京セラドームにおける日本シリーズの開催は、名義上の球場名が「大阪ドーム」時代の2001年(当時本拠地として使用していた大阪近鉄バファローズが出場したシリーズ)と、2020年に次いで3回目。2020年の日本シリーズではセ・リーグから読売ジャイアンツ(巨人)が出場したが、本拠地の東京ドームが第91回都市対抗野球大会開催との兼ね合いで使用できないことに伴う特例措置として、セ・リーグ側のホームゲーム(実際には第1戦・第2戦)を京セラドーム大阪で開催していた。
当シリーズの決着が第6戦以降にまで持ち越されることになったため、6球場で開催された1950年の松竹対毎日(神宮、後楽園、甲子園、西宮、中日、大阪)や、1953年の巨人対南海(大阪、後楽園、甲子園)、1962年の東映対阪神(甲子園、神宮、後楽園)に続き、59年ぶり史上4度目の3球場以上を使用する、かつ68年ぶり史上3度目の開催地が3都府県以上に分散する日本シリーズとなった。なお、本来の専用球場からの変更は前年(2020年)の巨人(東京ドーム→京セラドーム大阪)に次ぐ措置だが、双方の専用球場からの変更は初めてになる。
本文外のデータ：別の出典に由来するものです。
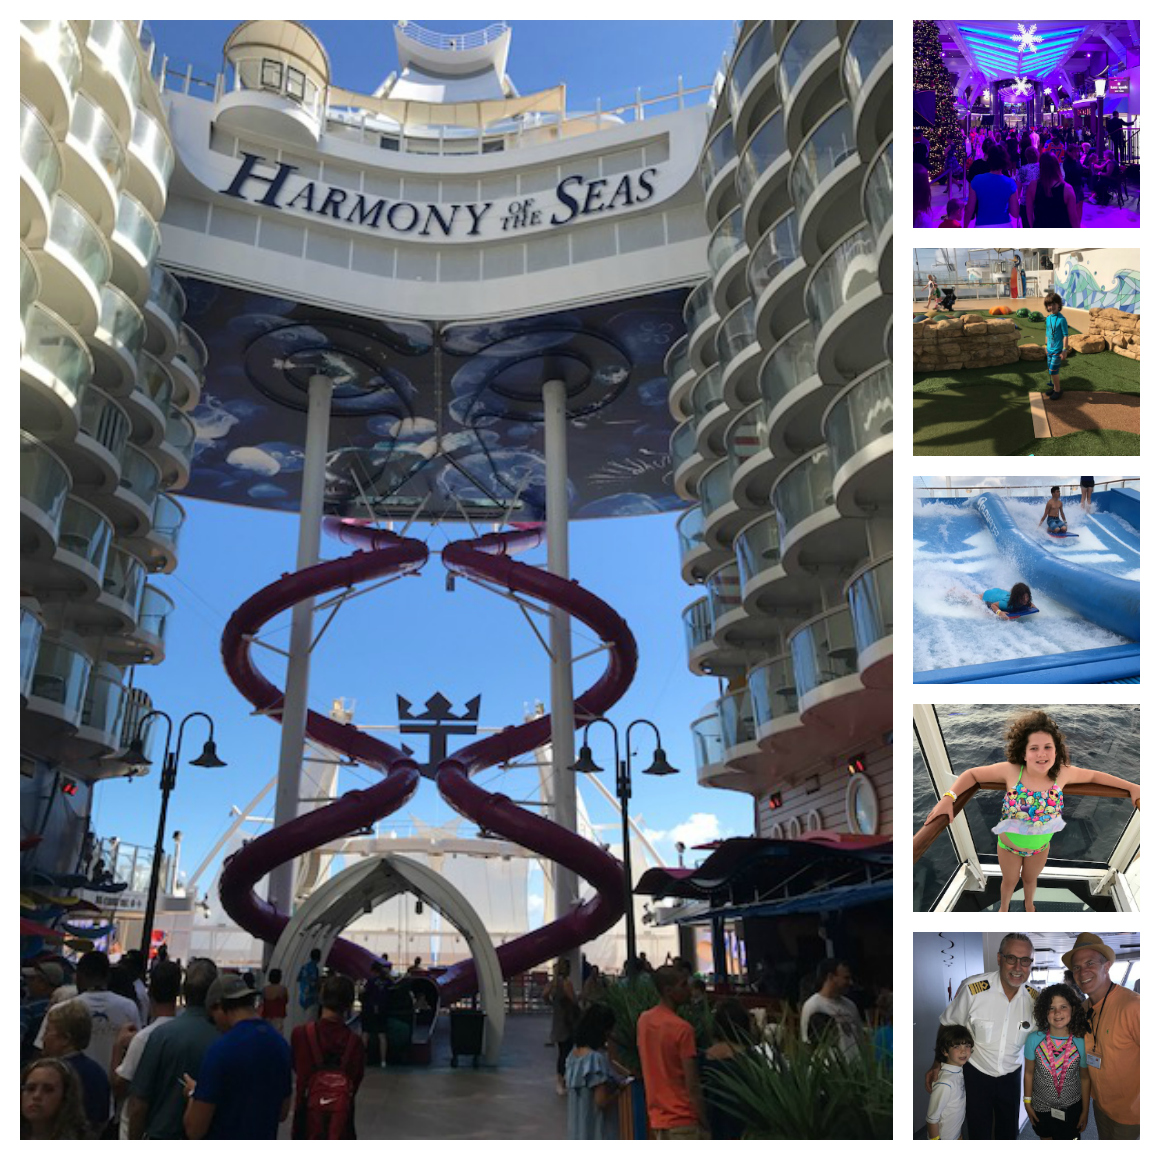 Perfect Family Vacation - Cruise experience on Harmony of the Seas - This ship has it all!!! So much fun for families! ********** Harmony of the Seas family cruise | Best cruise for kids | best cruises for families | Harmony of the seas for kids | Family cruise | Best family cruise | Most fun cruise

なお、巨人が前年に続き日本シリーズへ進出した場合にはセ・リーグ側のホームゲームを東京ドームで開催することを予定していた。前年と違い、都市対抗野球大会(第92回大会)が第5戦の終了後(11月28日以降)に組まれたことによるものだが、巨人はクライマックスシリーズのファイナルステージで敗退となった。
パ・リーグ側のホームゲームについては、埼玉西武ライオンズが日本シリーズへ進出した場合にも、第6・7戦の球場として福岡PayPayドームを代替利用する可能性があった[14][注 12]。